I think the average herd size in Alabama is 24. We’re a nation of small farmers. 71% of cattle producers have less than 50 cattle on their farm. 80% have less than 100 head. The average herd size in the United States is just 39. I think this is an opportunity for the small producers with good genetics and good quality calves to co-mingle those calves that are age and source verified.

Everybody keeps those records already, my dad and granddad even wrote the cow’s name down when they didn’t have a number on her. They wrote down who sired a calf and what pasture they came from. We’ve all done that for generations. We all do the record keeping, it’s just a different way of record keeping in a different day and time.

An animal identification system is so much quicker with the electronics we have today. A small producer will have the ability to ID their calves at the first point of commerce. There’s no sense in identifying an animal if it’s not going to market because it’s not going to be consumed. Once it starts that transition from one part of the industry to another, it has to be identified. If you identify it at a sale barn or another buying facility, where they tag them and weigh them, you will create uniform load lots and will add value for that producer.

CFN:

How will it be monitored?

Mr. Queen:

The way the USAIO is set up, the monitoring will be at the first point of commerce. Every animal that sells will have to be identified electronically, whether it be at the sale barn, an order buying firm or an individual trade in the country. The buyer will be responsible for identifying that calf. As it changes premises IDs, then the premises that it goes to each time will be responsible for identification.
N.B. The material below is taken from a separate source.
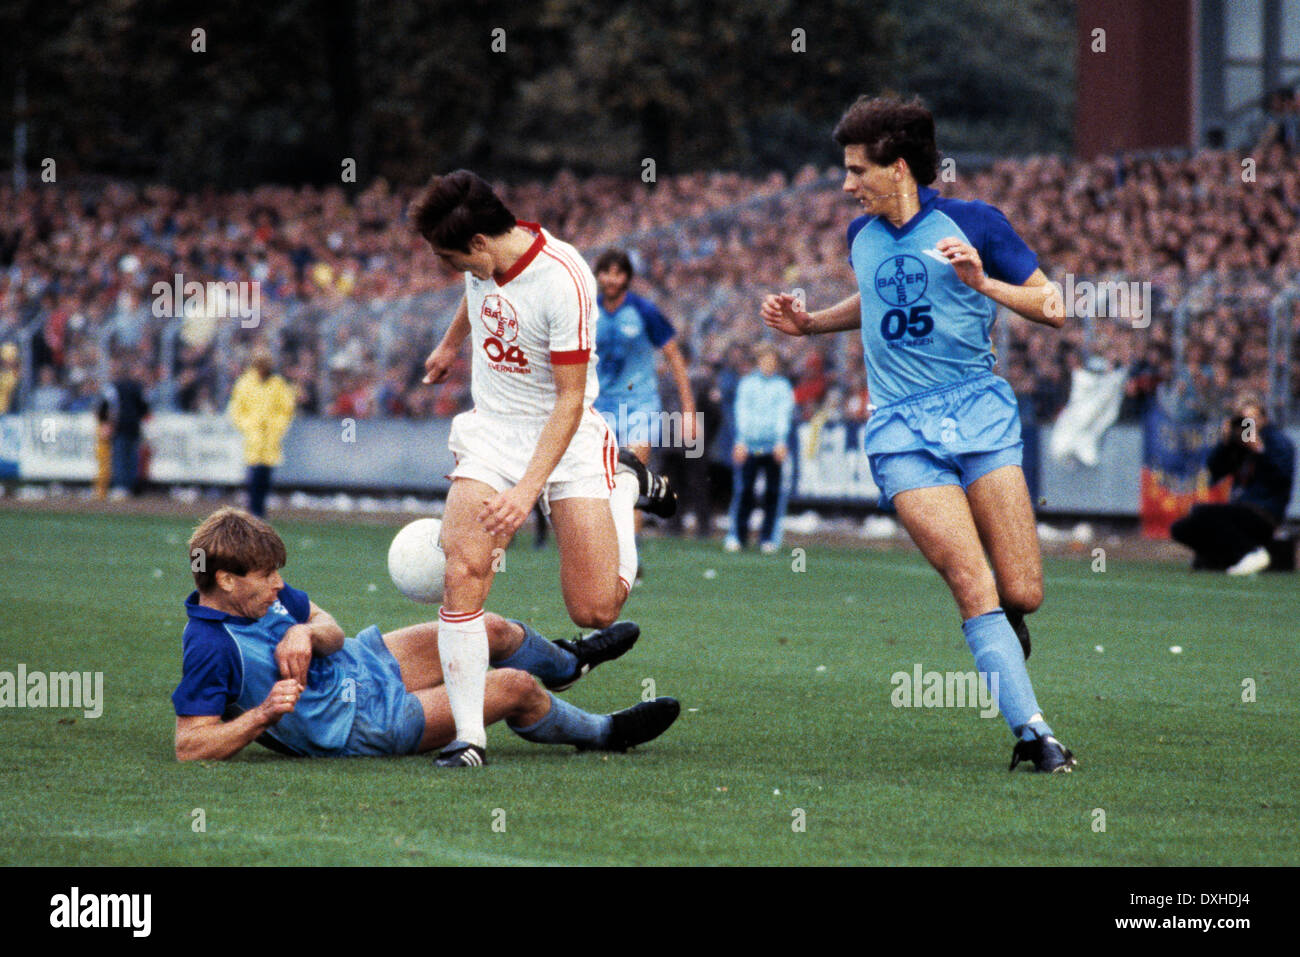 football, Bundesliga, 1983/1984, Grotenburg Stadium, FC Bayer 05 Uerdingen versus Bayer 04 Leverkusen 2:1, scene of the match, f.l.t.r. Norbert Brinkmann (Uerdingen), Rudolf Wojtowicz (Leverkusen), Sascha Jusufi (Uerdingen) - Stock Image

As far as the government monitoring this information, they won’t unless it’s a health issue or a disease outbreak. Then they have the right to go into that information database just for that individual animal and then trace back to identify from which premises it originated. That’s the way animal ID works. As far as confidentiality for tax purposes, the IRS won’t ever monitor these records. No feedlot, no packer, no one can monitor where that calf came from other than that owner-producer.

CFN:

Since it is proclaimed to be a consumer necessity - will the consumers pay for this ID program or will it be tacked on to the cattle producer’s expenses?

Mr. Queen:

We don’t want the government to pay for the ID program. Once we demand that they pay for it, it ceases to be confidential. It becomes a government project and that’s what we’re trying not to have. I can’t tell you that the producer’s not going to pay for part of it and I can’t tell you that the consumer’s not going to pay for part of it. I think that both of them will pay a percentage of the cost.

I think that the only cost for the producer will be the identification button and whatever the minimal amount of labor involved. Now, the infrastructure within the sale barns will change. Will they absorb this cost? No. They’ll pass it back to the producer a few pennies at a time. Every cost, whether it’s making a cow or making an automobile, will be passed back to where the demand began. The consumer will pay for some of this because they’re the one demanding that it be implemented. The cost that anyone has to pay won’t be enough to detrimentally affect the beef industry. McDonald’s will share, Burger King will share, feed yards will share but, eventually, it will be paid for.